━━━━━ DATA EXCERPTS
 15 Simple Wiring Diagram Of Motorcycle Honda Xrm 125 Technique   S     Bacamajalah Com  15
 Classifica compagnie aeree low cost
━━━━━━━━━━
━━━━━ DATA EXCERPTS
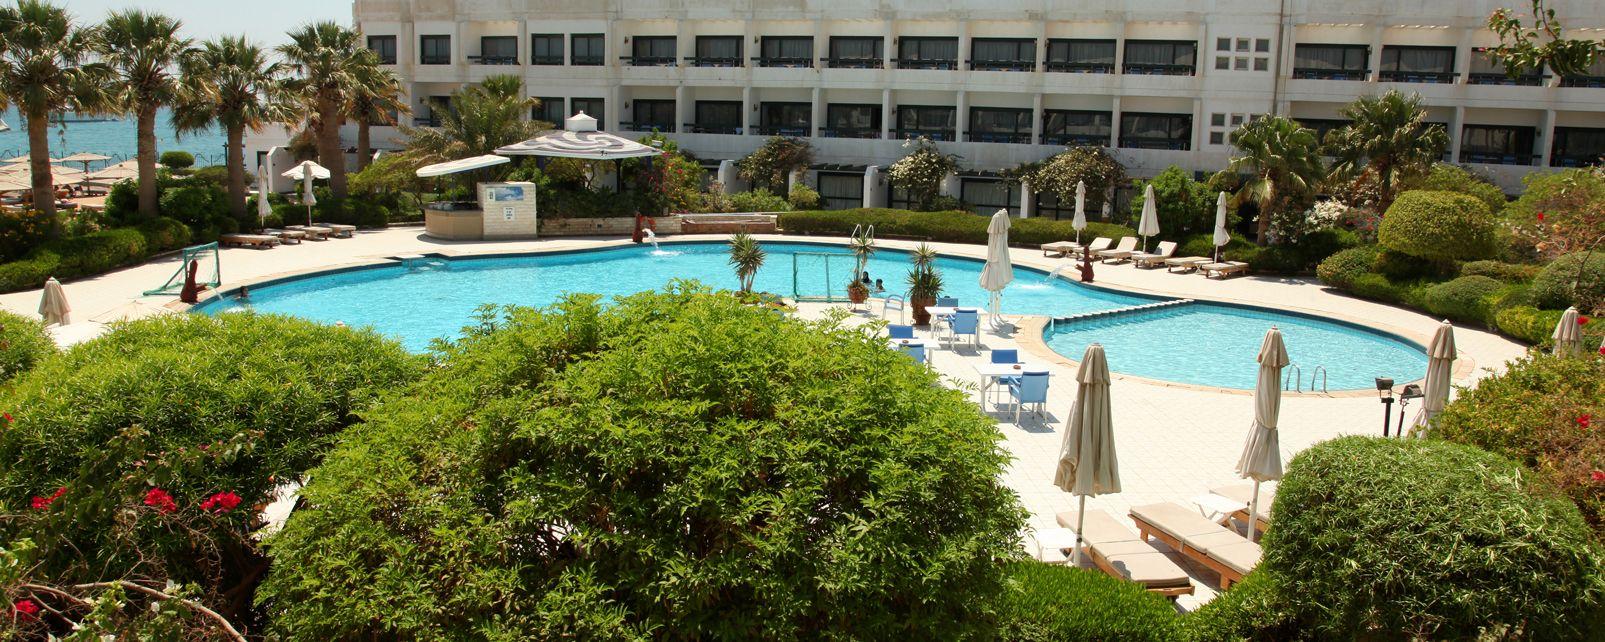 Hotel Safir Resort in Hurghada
━━━━━━━━━━
━━━━━ DATA EXCERPTS
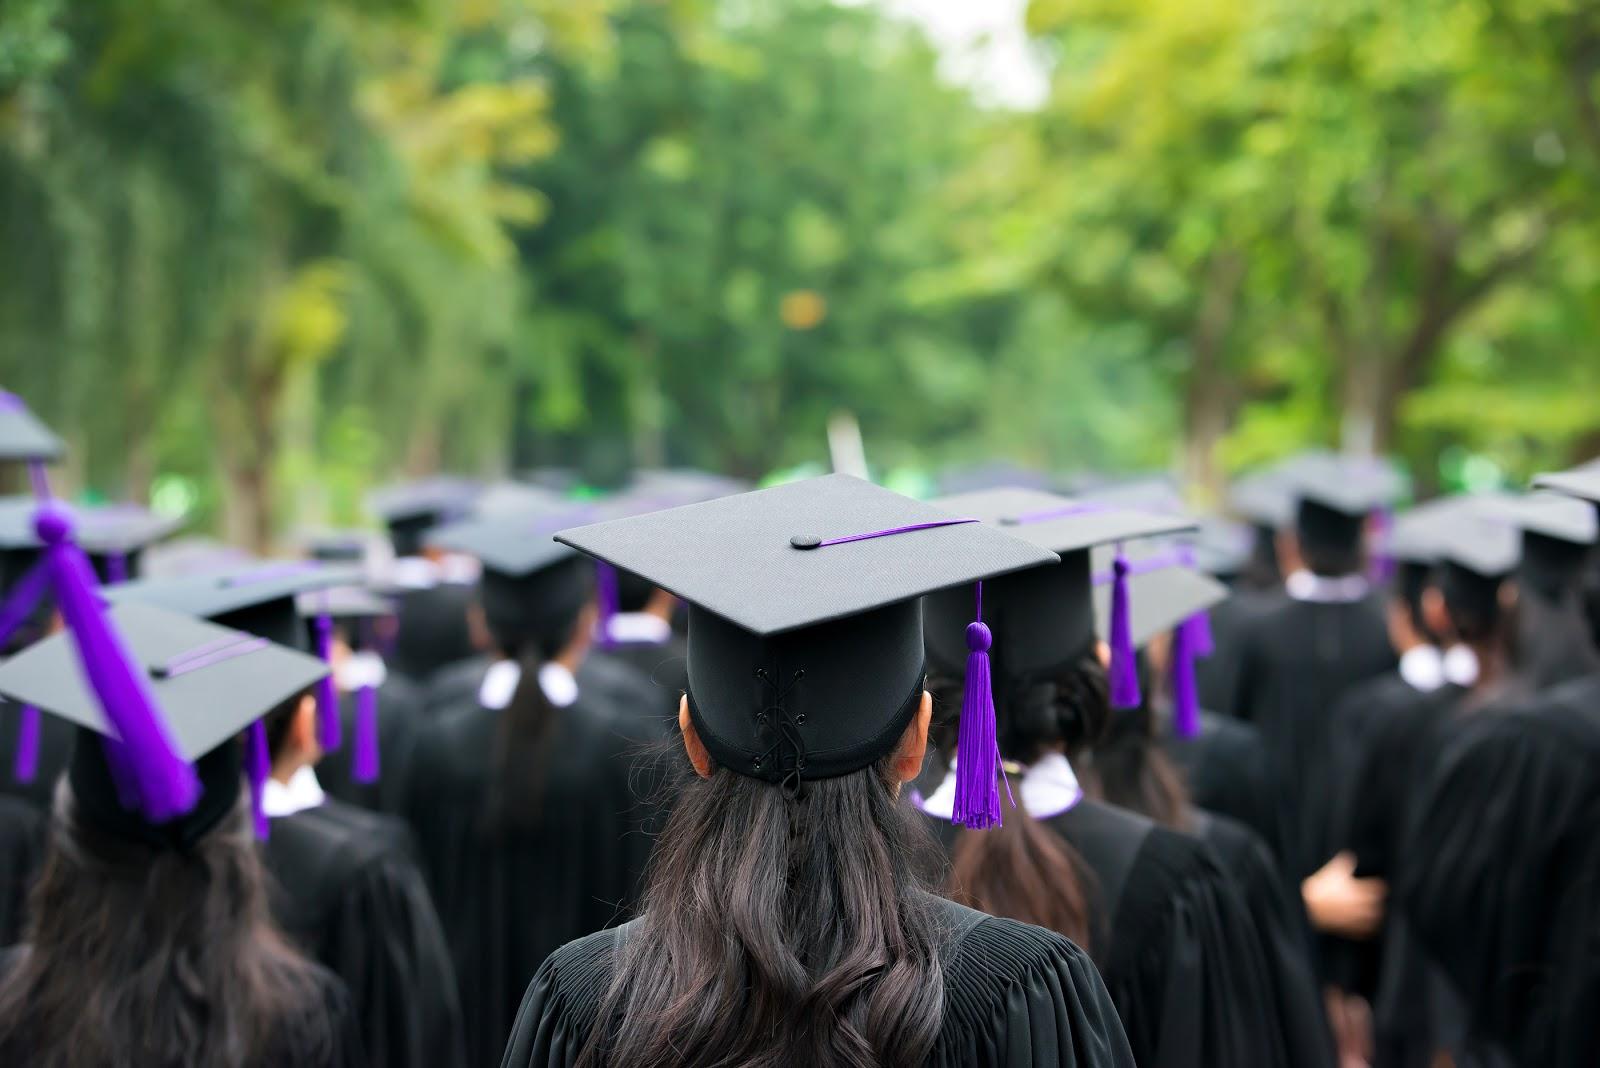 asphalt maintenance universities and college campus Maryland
━━━━━━━━━━
TASK INSTRUCTIONS: Produce a word-for-word copy of everything above from the line holding "15 Simple Wiring" down to the line holding "Classifica compagnie aeree low cost", with both of those lines kept.

RESPONSE TO THE EXERCISE:
 15 Simple Wiring Diagram Of Motorcycle Honda Xrm 125 Technique   S     Bacamajalah Com  15
 Classifica compagnie aeree low cost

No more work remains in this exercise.